Es la una de la mañana y siento un frío sudoroso. Hace frío, es cierto. Tengo la estufa prendida, es cierto. Pero, ¿es esa la combinación que causa este sudor helado? No creo. Se trata, más bien, del síndrome de abstinencia. Ya está, el Mundial se terminó. Bueno, sí, falta la final, falta EL partido. Pero eso es otra cosa. Eso es un hecho en sí, un Mundial en 90 minutos, o 120, a lo sumo. El Mundial, tal como lo conocíamos, con 32 países, con partidos buenos, regulares y malos, terminó y ya empiezo a sentir que mi cuerpo necesita algo vital, algo que alimentó esta adicción durante casi un mes.
Si pudiera pedirle algo a la FIFA, exigiría un Mundial cada dos años. Y si pudiera pedirle algo más, sería que los partidos tengan tiempo neto de juego, como en el básquet. Y eliminar así el tiempo adicionado, tiempo de descuento, tiempo recuperado o como indique el Inadi que debamos llamarle a los minutos que se juegan tras los 45 reglamentarios. Pero todo forma parte del delirio de la abstinencia. Y la abstinencia del adicto, si no se puede consumir lo que produce adicción, sólo se calma con sucedáneos.
Prendo la tele, entonces. En realidad, la tenía prendida, pero los datos sobre la posible formación argentina el domingo, el rumor sobre un supuesto pie de atleta de Lahm o sobre una presunta seborrea de Ozil, no logran calmarme. Entonces, a la una de la mañana, empieza la repetición de Alemania-Brasil. Y lo digo así, “Alemania-Brasil”, a pesar de que el local fue Brasil. Y ahí sí, me calmo.
Volver a ver Alemania-Brasil no sólo es un buen sucedáneo para la abstinencia mundialista. Es también volver a ver un partido histórico, de esos que los canales deportivos seguramente van a repetir una y otra vez. Y si no lo hacen, deberían. Porque es un partido que siempre tendrá televidentes. No habrá momento en que no nos detengamos, de manera morbosa, a recordar esa humillación histórica.
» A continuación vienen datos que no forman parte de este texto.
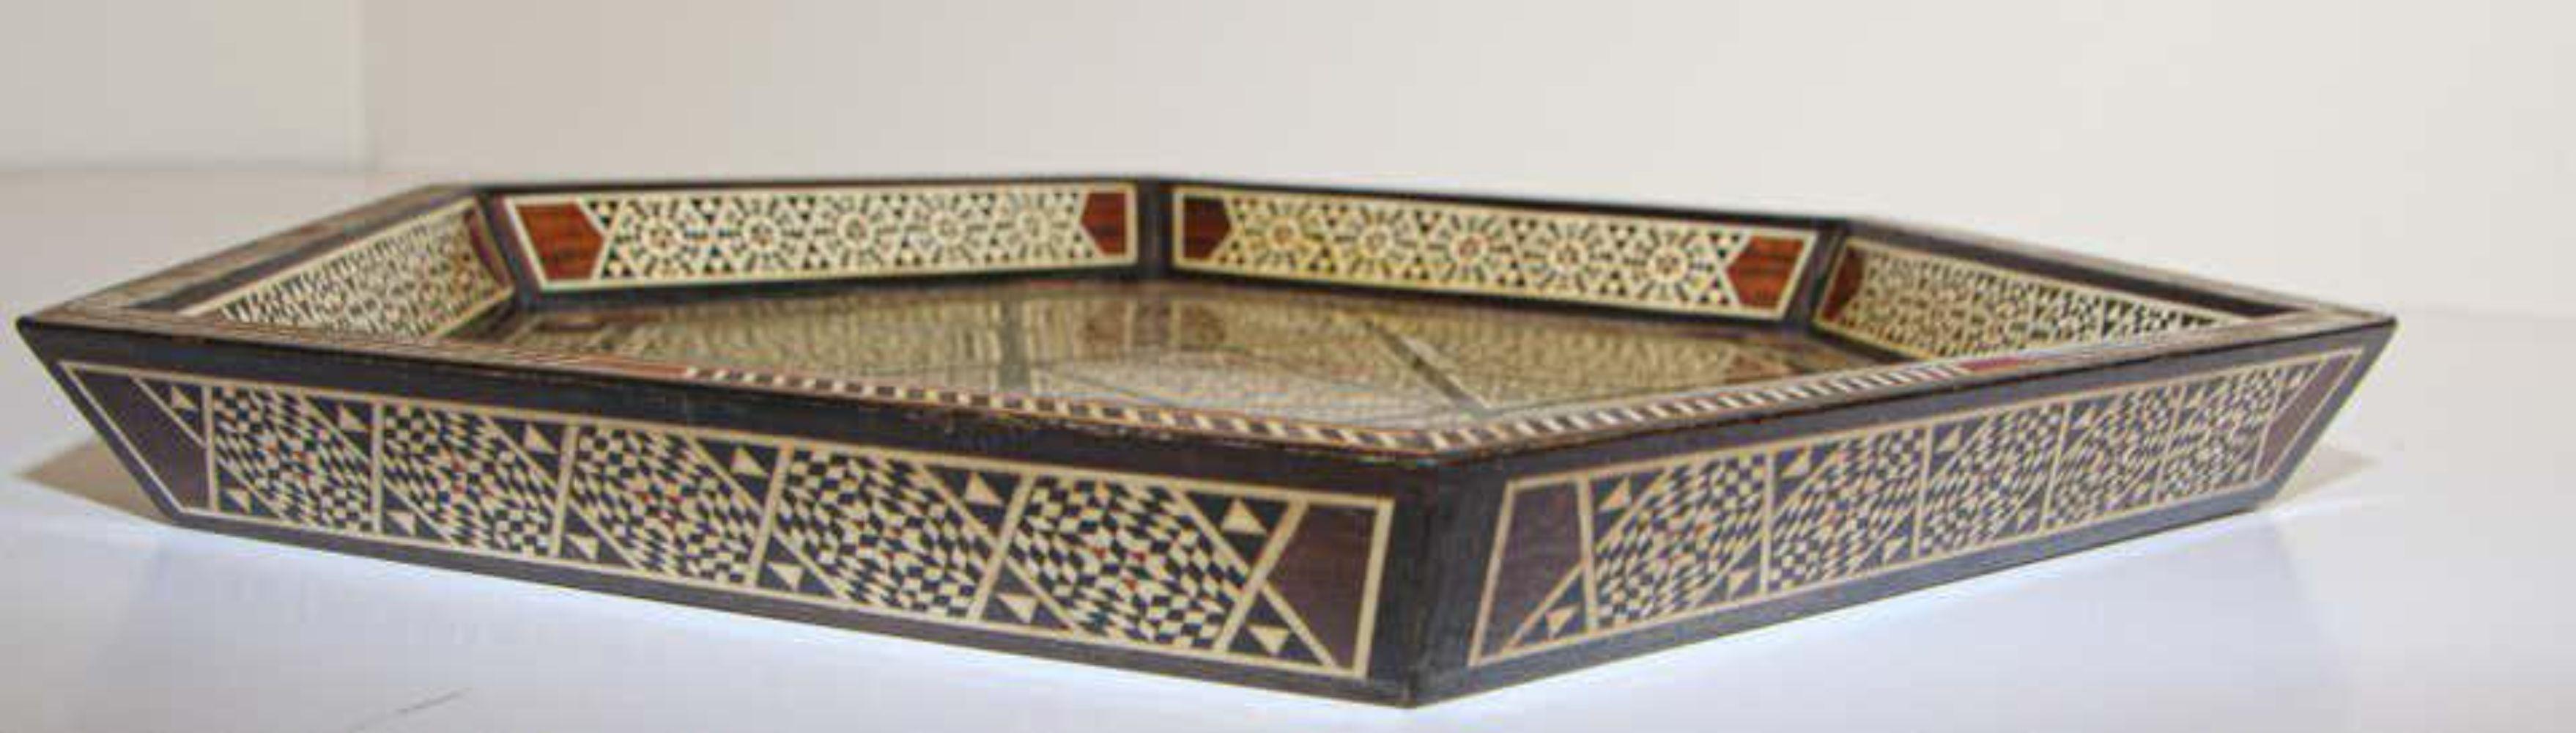 Moorish Middle Eastern Inlaid Octagonal Serving Tray

Pasan 29 minutos, pasan los cinco goles que sellan la capitulación total en media hora. Y pasa la imagen que lo resume todo: la de un chico de anteojos, con la cara pintada con los colores de Brasil, llorando desconsoladamente sin encontrar explicación. En las películas o fotos de guerra, cuando se quiere llegar a lo más profundo de la tragedia, se muestran imágenes de niños llorando. En medio de un bombardeo, por ejemplo.
El niño brasileño que sufrió el bombardeo alemán en el Mineirao sintetiza como nadie el drama brasileño. Y uno se apiada del niño, porque para eso se muestran los niños, por eso simbolizan el dolor. Pero enseguida recordamos la rivalidad. Enseguida nos enteramos de que en Brasil ya es furor el Forca Alemanha, en el mayor caso de Síndrome de Estocolmo en la historia de la humanidad. Y ahí sí, no nos importa el niño, no nos importan las lágrimas, no nos importa la humillación.
Ahí es cuando queremos que ese niño llore. Que llore desconsoladamente. Porque ese niño, mañana, será un hincha más. Porque ese niño seguramente ahora debe estar hinchando, él también, por Alemania, por su propio verdugo, por quien hace unos días le arrancó ese mar de lágrimas. Entonces el síndrome de abstinencia se vuelve gozo, se vuelve morbo, se vuelve sadismo.
Dale, hinchá por Alemania, chico de la guerra, niño llorón. No me apiado de tu dolor. Ni un poquito. Y no, dejá Brasil, no me digas qué se siente. Prefiero no saberlo.